Amy Palmer

Of writing, reading and creating


The Power of Characters

On this day, ten years ago, I sat down to watch an episode of Doctor Who with my family. That episode was ‘The Empty Child’. I was twelve years old. I loved Doctor Who. Nine was my Doctor, and I adored him. Rose Tyler was awesome at being, well, awesome. By the end of the episode, I knew two things with certainty. One, gas masks are terrifying. Two, I was entirely and irrevocably in love with Captain Jack Harkness.

A decade later, that love has not waned at all. If anything I’m more attached to the immortal man from the future than ever.

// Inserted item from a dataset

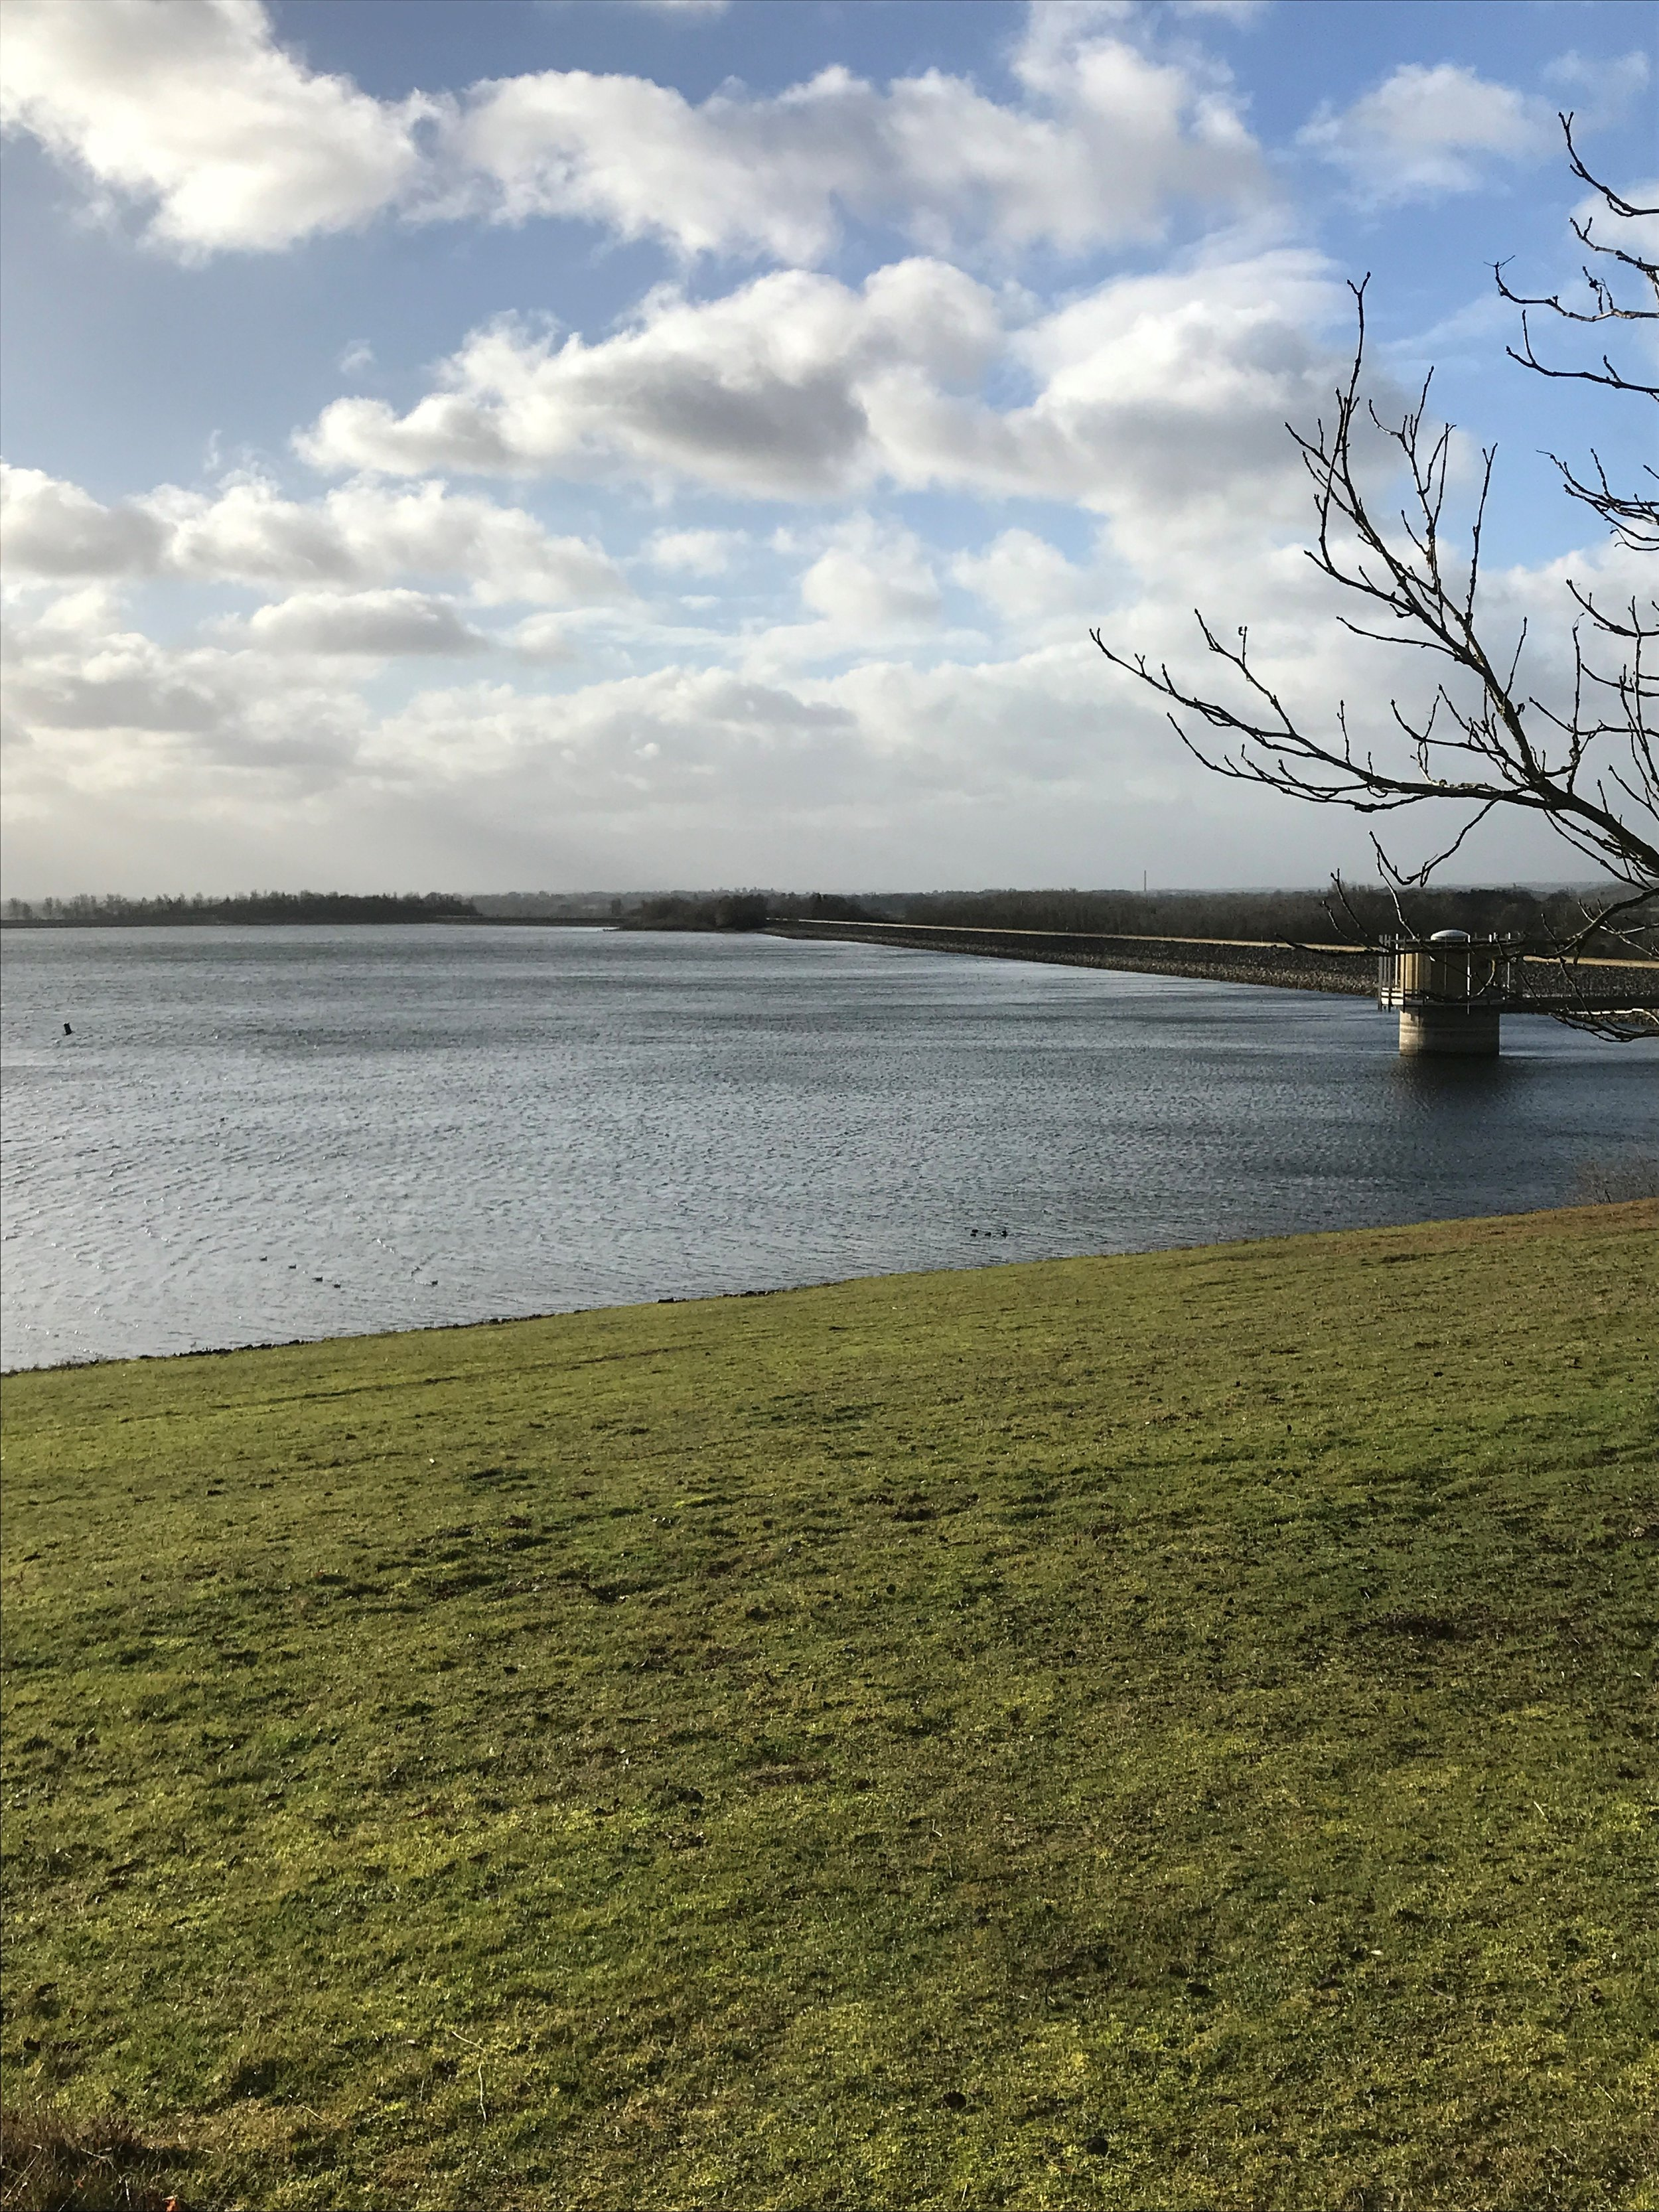 Pat Hipkiss Jan 2019 image 5 Draycote Water.jpg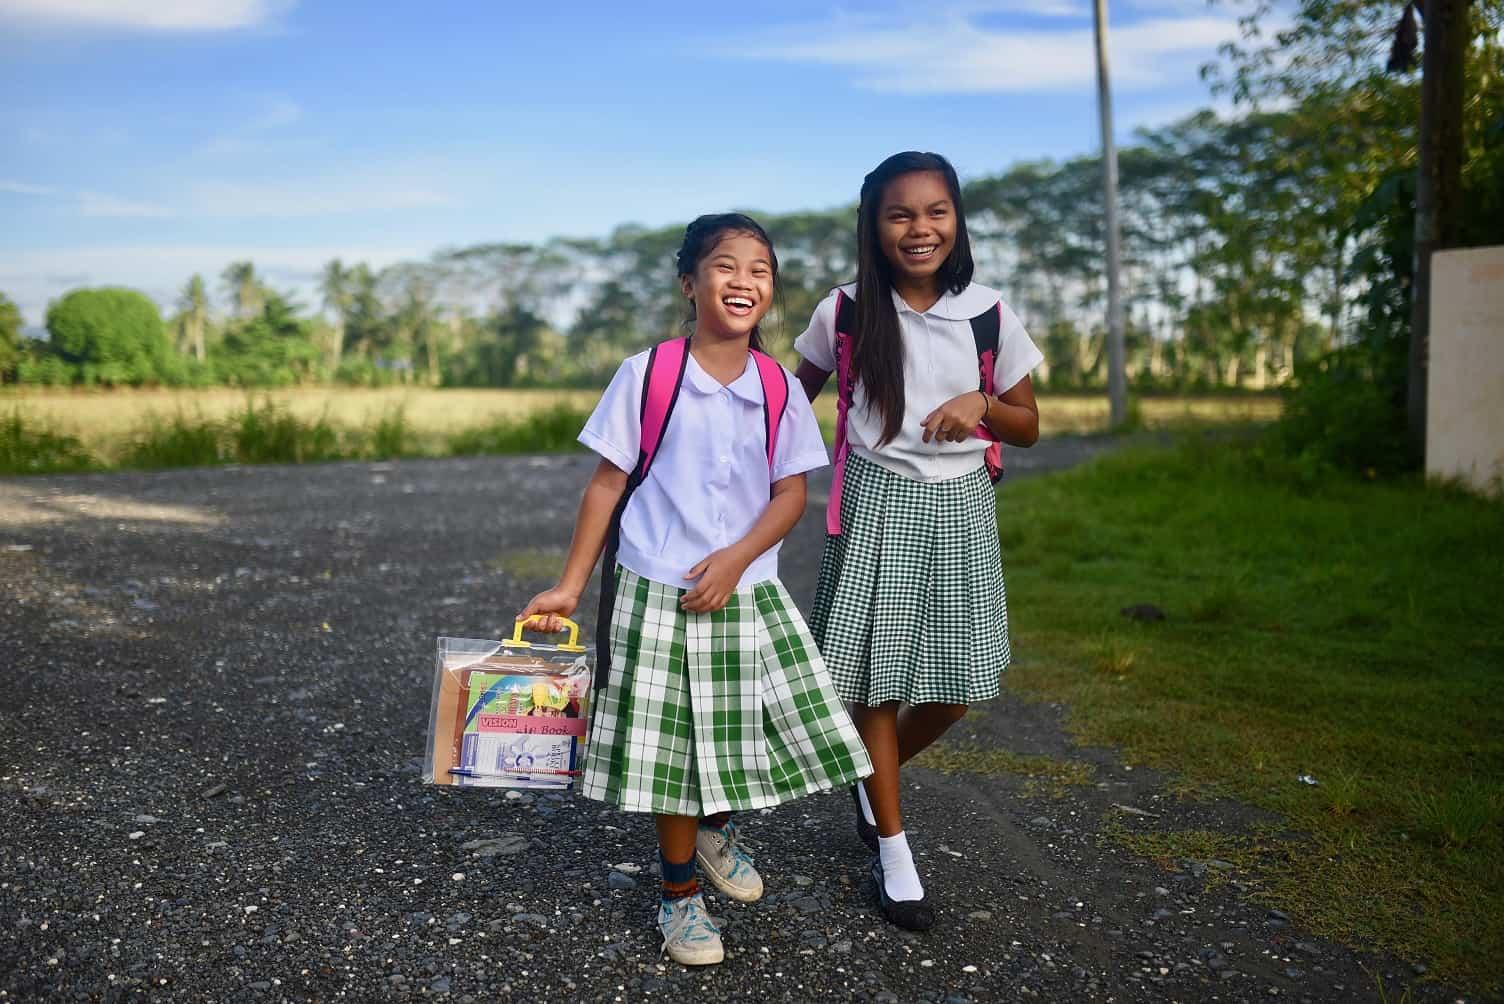 soziale-projekte-strassenkinder-schule

The following year the first series of Torchwood came to the BBC. From the first episode I was hooked, and I could hardly wait for new episodes to air. Unlike other shows that I watched, Torchwood delved into a world of sexuality that was almost entirely new to me. I had grown up in a world of media dichotomy, of straight and gay. I count myself very lucky that Torchwood existed in my life at the time when I most needed it. I know lots of people who have watched Torchwood, and enjoyed it, but don’t have the same attachment to the characters that I do. I put this entirely down to context. For me, Torchwood was not just an enjoyable pass time (though it was certainly that, and still is). The characters within it helped me to understand myself, in a situation where other avenues of information about sexuality were sadly lacking. Torchwood was not just a show, it was a thrilling learning experience.

By the end of the first year, my interest had extended to the man who played the character. I bought CDs which I own still. In 2009 I caught a train to Cardiff with my best friend to see John Barrowman in pantomime. Not only did we have a fantastic time at the show, I fell in love with a city I had never been to before. Three years later I moved there for University. I haven’t left.

The best characters, in my opinion, are the ones that stay with you. The ones that take on a life outside of their stories and are important to you long after you finish a book, film or TV show. Captain Jack Harkness is one of those characters, as are others from Torchwood. So here’s to Jack Harkness. Here’s to ten years of inspiration and enjoyment. And here’s to many more.

Now I’m off to watch my favourite Torchwood episode, ‘Captain Jack Harkness’.

Do you have a character you’re particularly attached to? A show you return to to now that there’s no new episodes? Can you pinpoint why that character, or that show?